Solving problem is about exposing yourself to as many situations as possible like Parsing HTML using Python and practice these strategies over and over. With time, it becomes second nature and a natural way you approach any problems in general. Big or small, always start with a plan, use other strategies mentioned here till you are confident and ready to code the solution.
In this post, my aim is to share an overview the topic about Parsing HTML using Python, which can be followed any time. Take easy to follow this discuss.

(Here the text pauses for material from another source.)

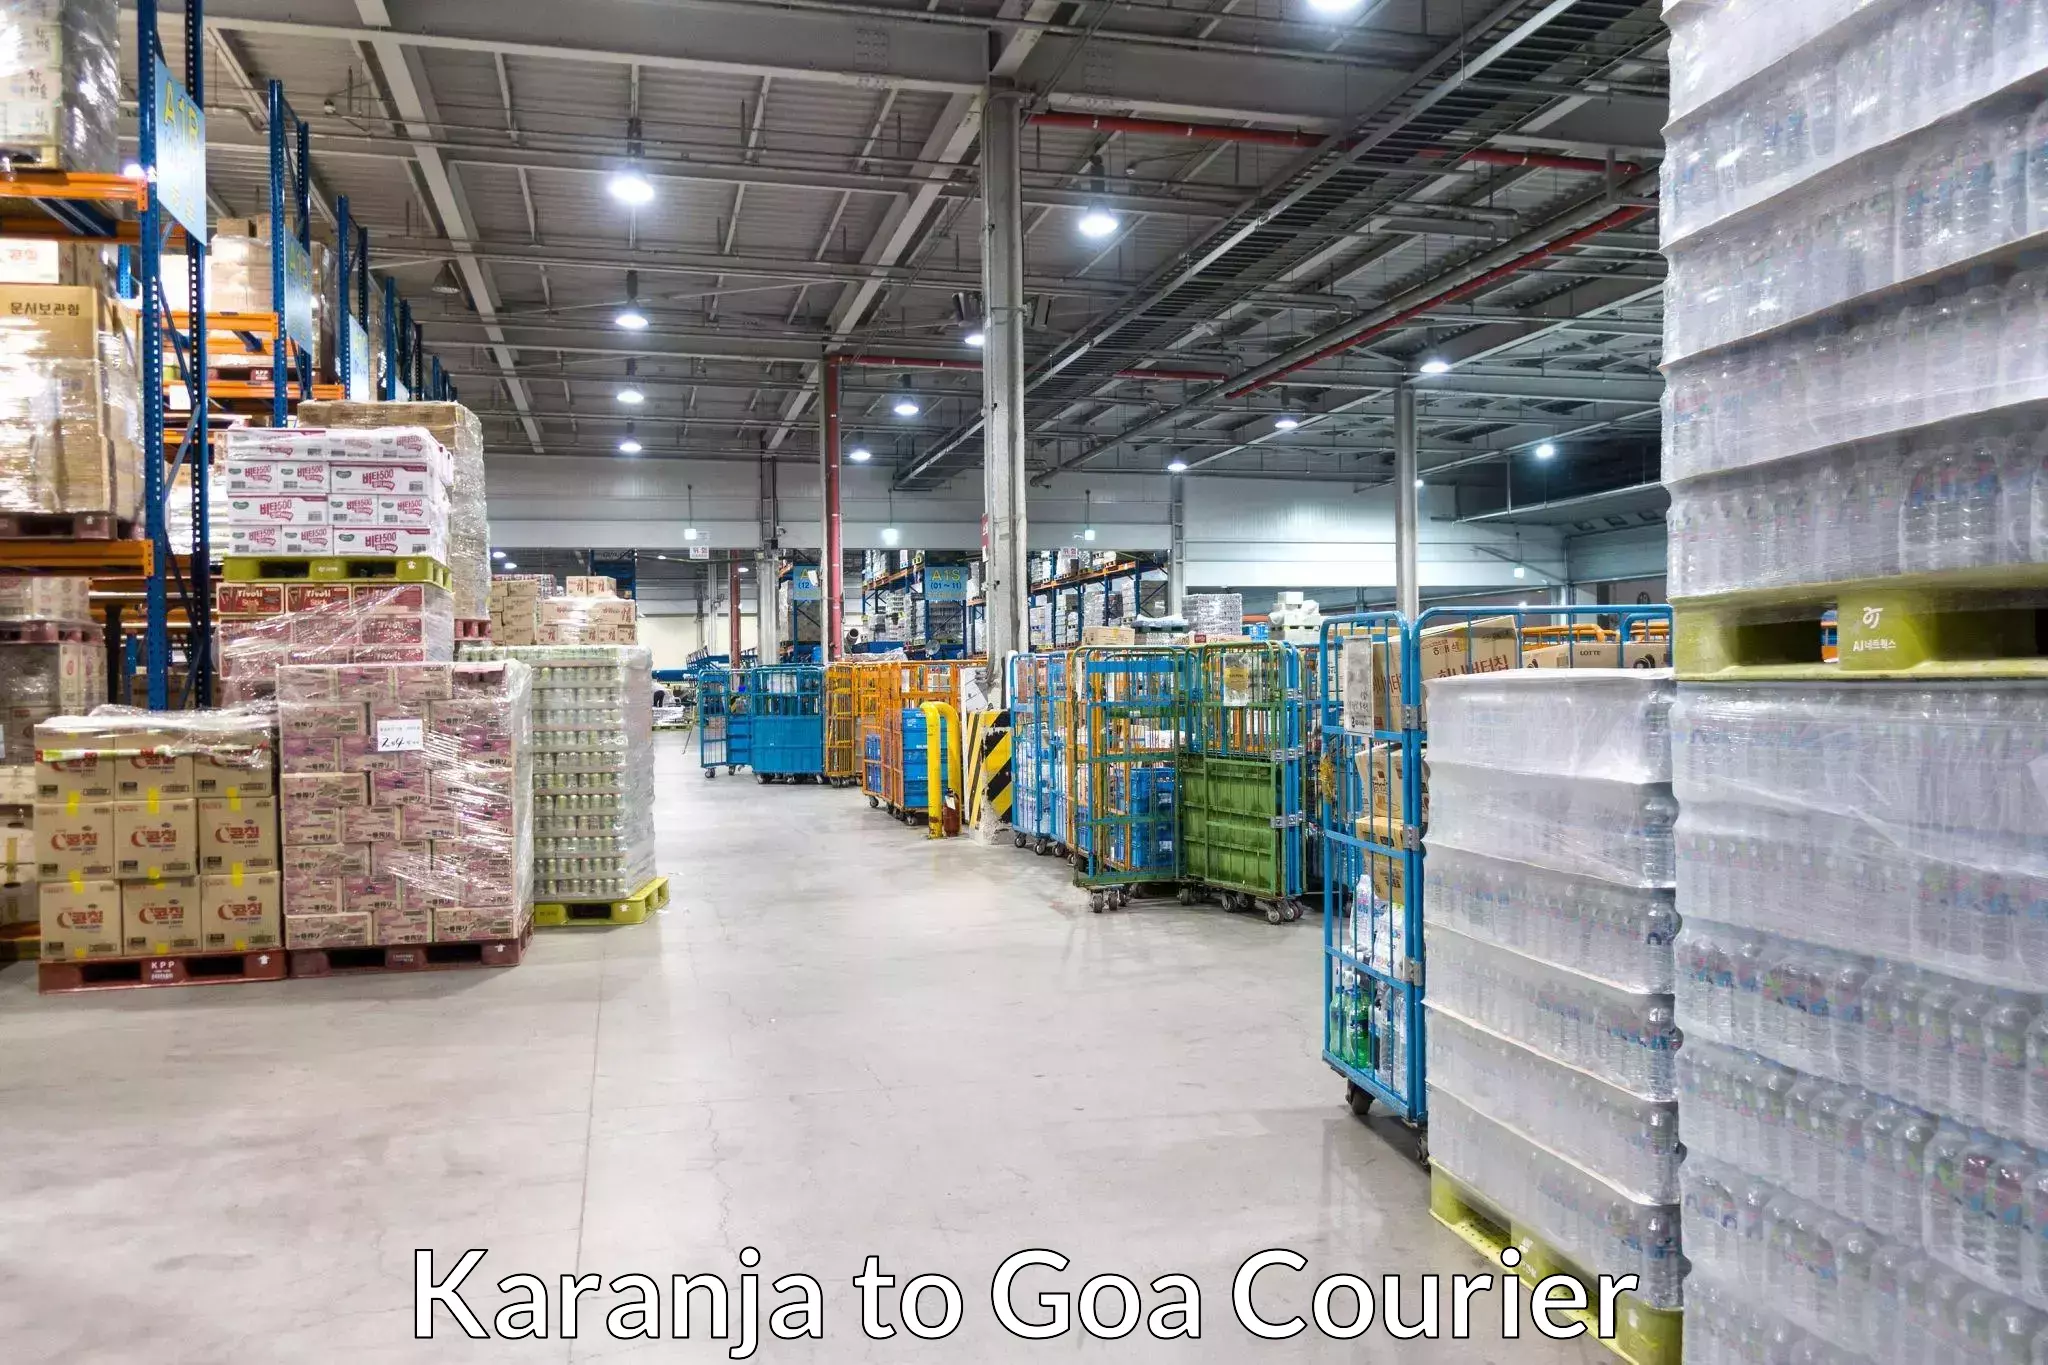 High value parcel delivery in Karanja to Sanvordem

I’m looking for an HTML Parser module for Python that can help me get the tags in the form of Python lists/dictionaries/objects.
If I have a document of the form:
<html>
<head>Heading</head>
<body attr1='val1'>
<div class='container'>
<div id='class'>Something here</div>
<div>Something else</div>
</div>
</body>
</html>
then it should give me a way to access the nested tags via the name or id of the HTML tag so that I can basically ask it to get me the content/text in the div
tag with class='container'
contained within the body
tag, or something similar.
If you’ve used Firefox’s “Inspect element” feature (view HTML) you would know that it gives you all the tags in a nice nested manner like a tree.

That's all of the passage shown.